__Assigned task__. The answer must be a single number: how many lines below contain "utilisé".

__Raw data__.
--------------------------------
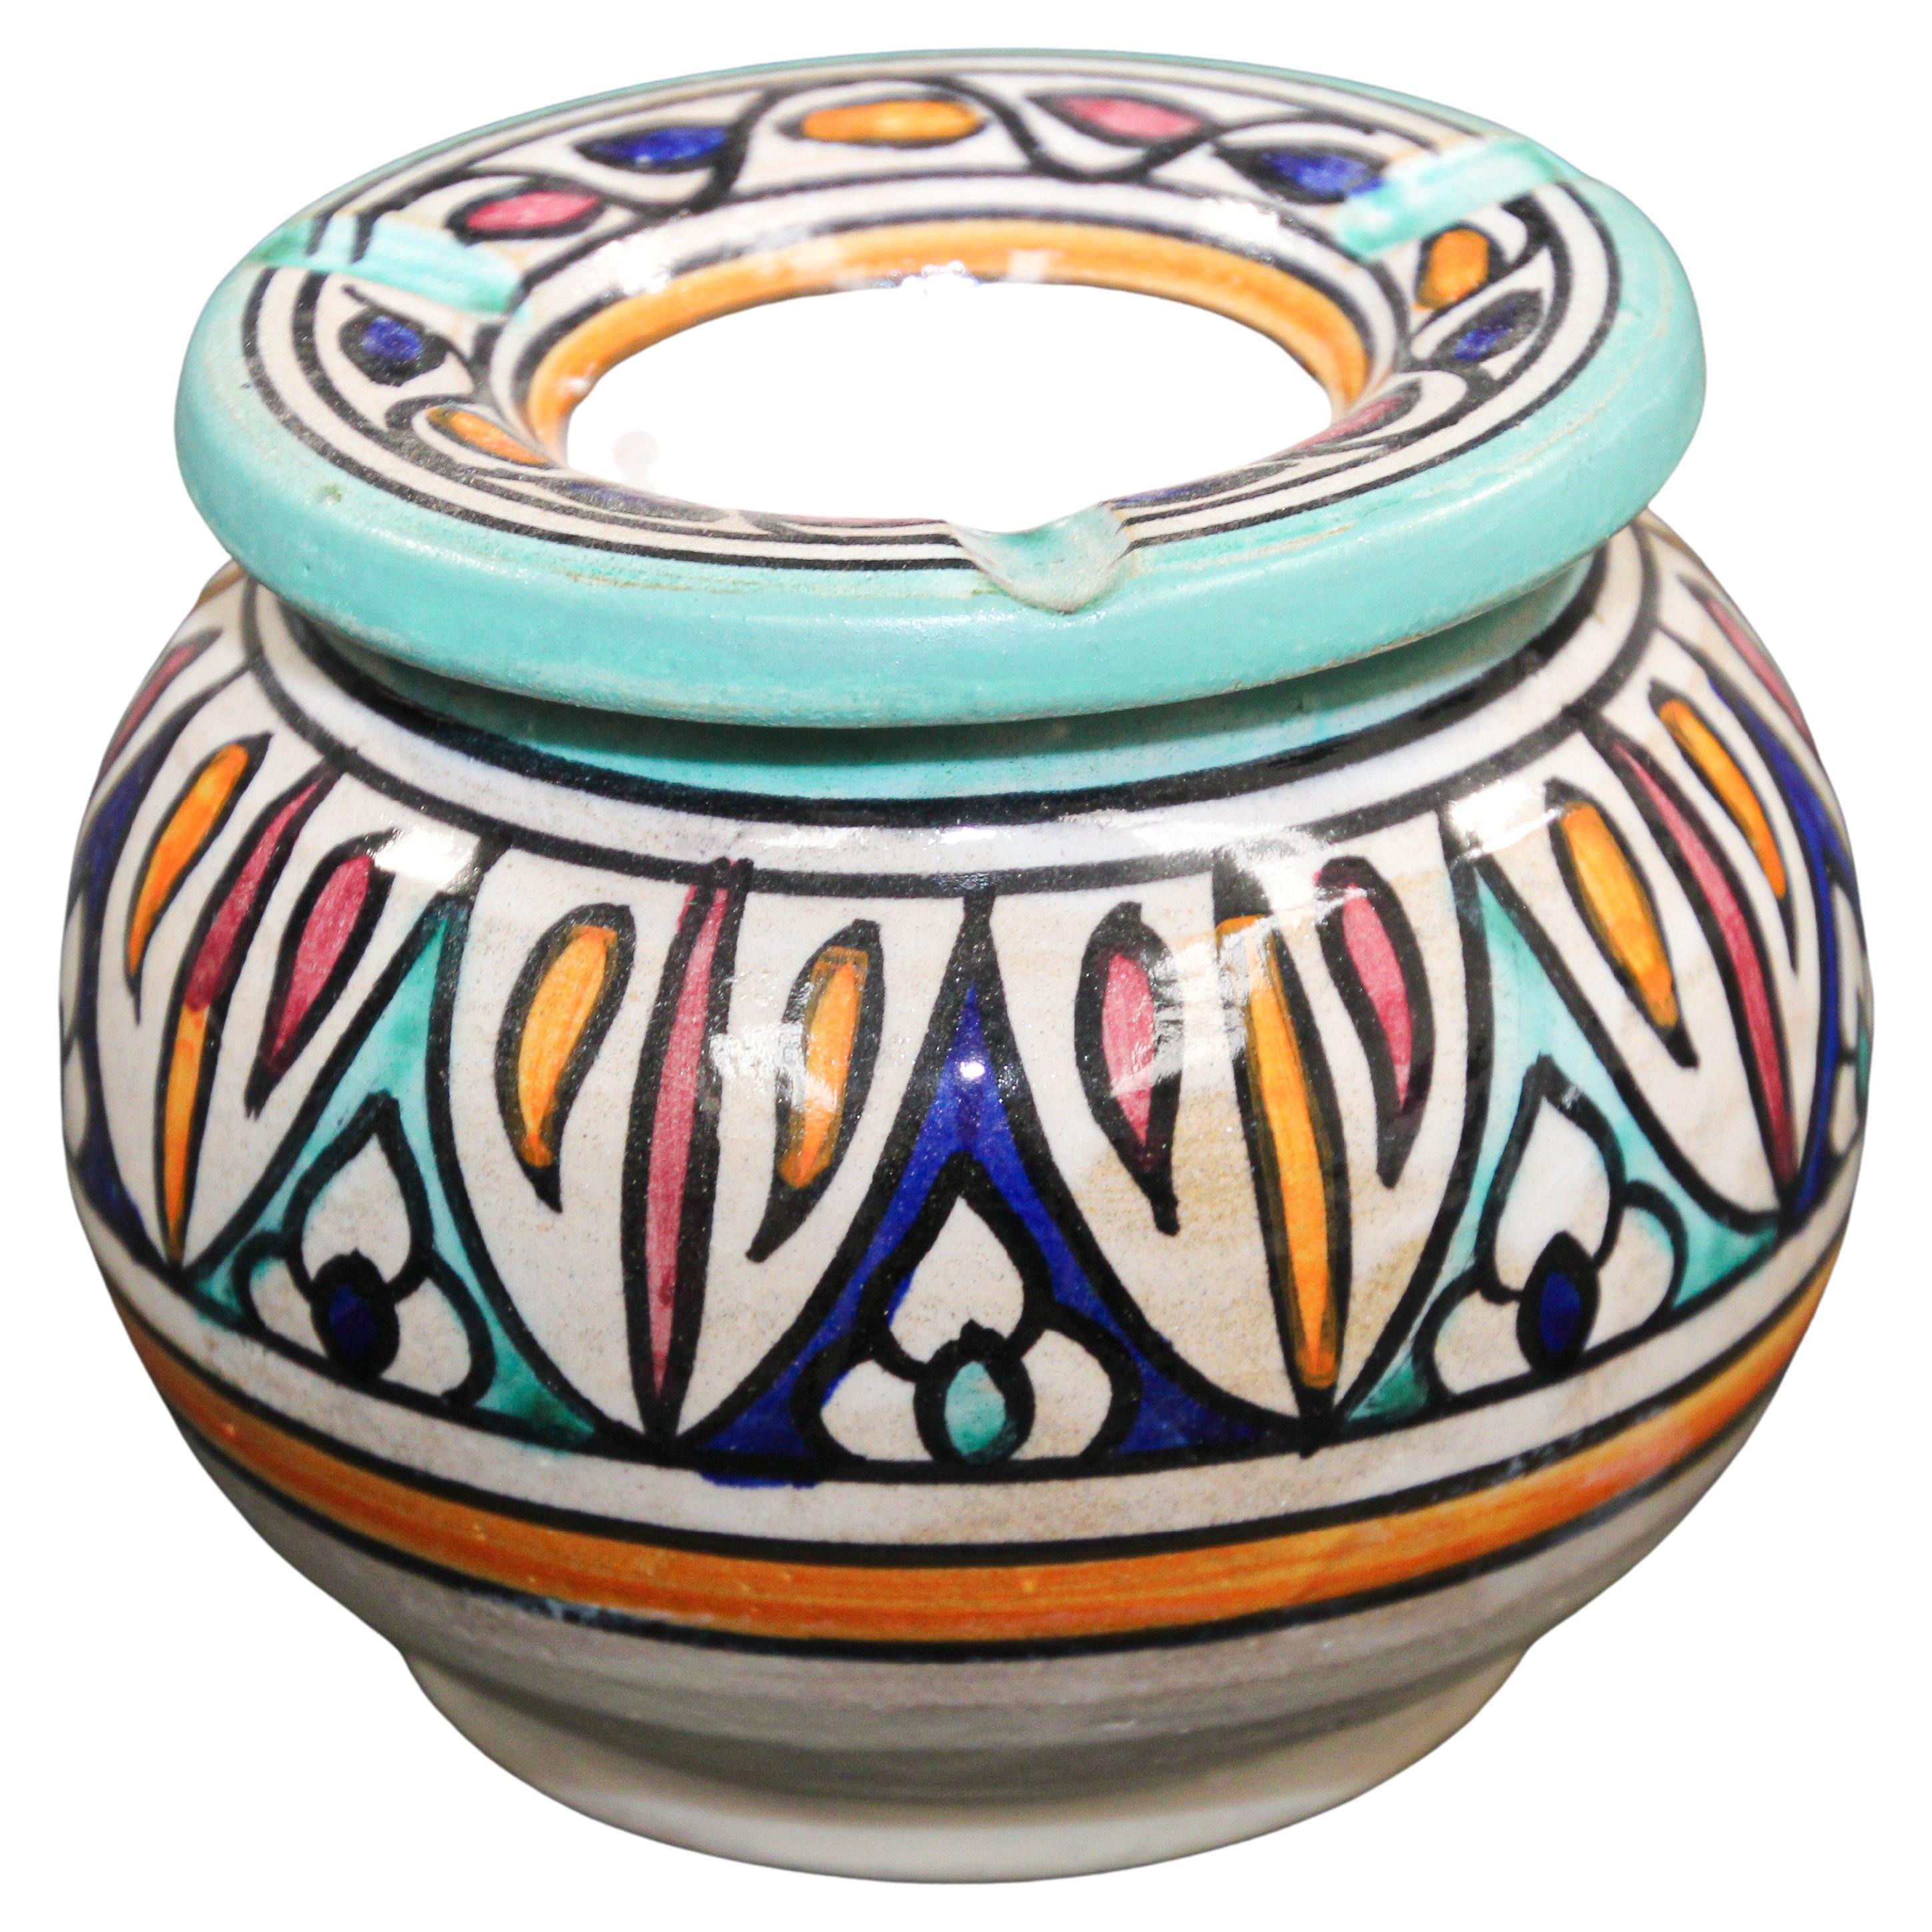 Cendrier vintage marocain couvert en céramique peint à la main.
Réceptacle à cendres recouvert de céramique marocaine fabriquée à la main.
Ce cendrier couvert de taille moyenne peut être utilisé à l'intérieur et à l'extérieur.
S'il est utilisé à
--------------------------------
__Task result__. 2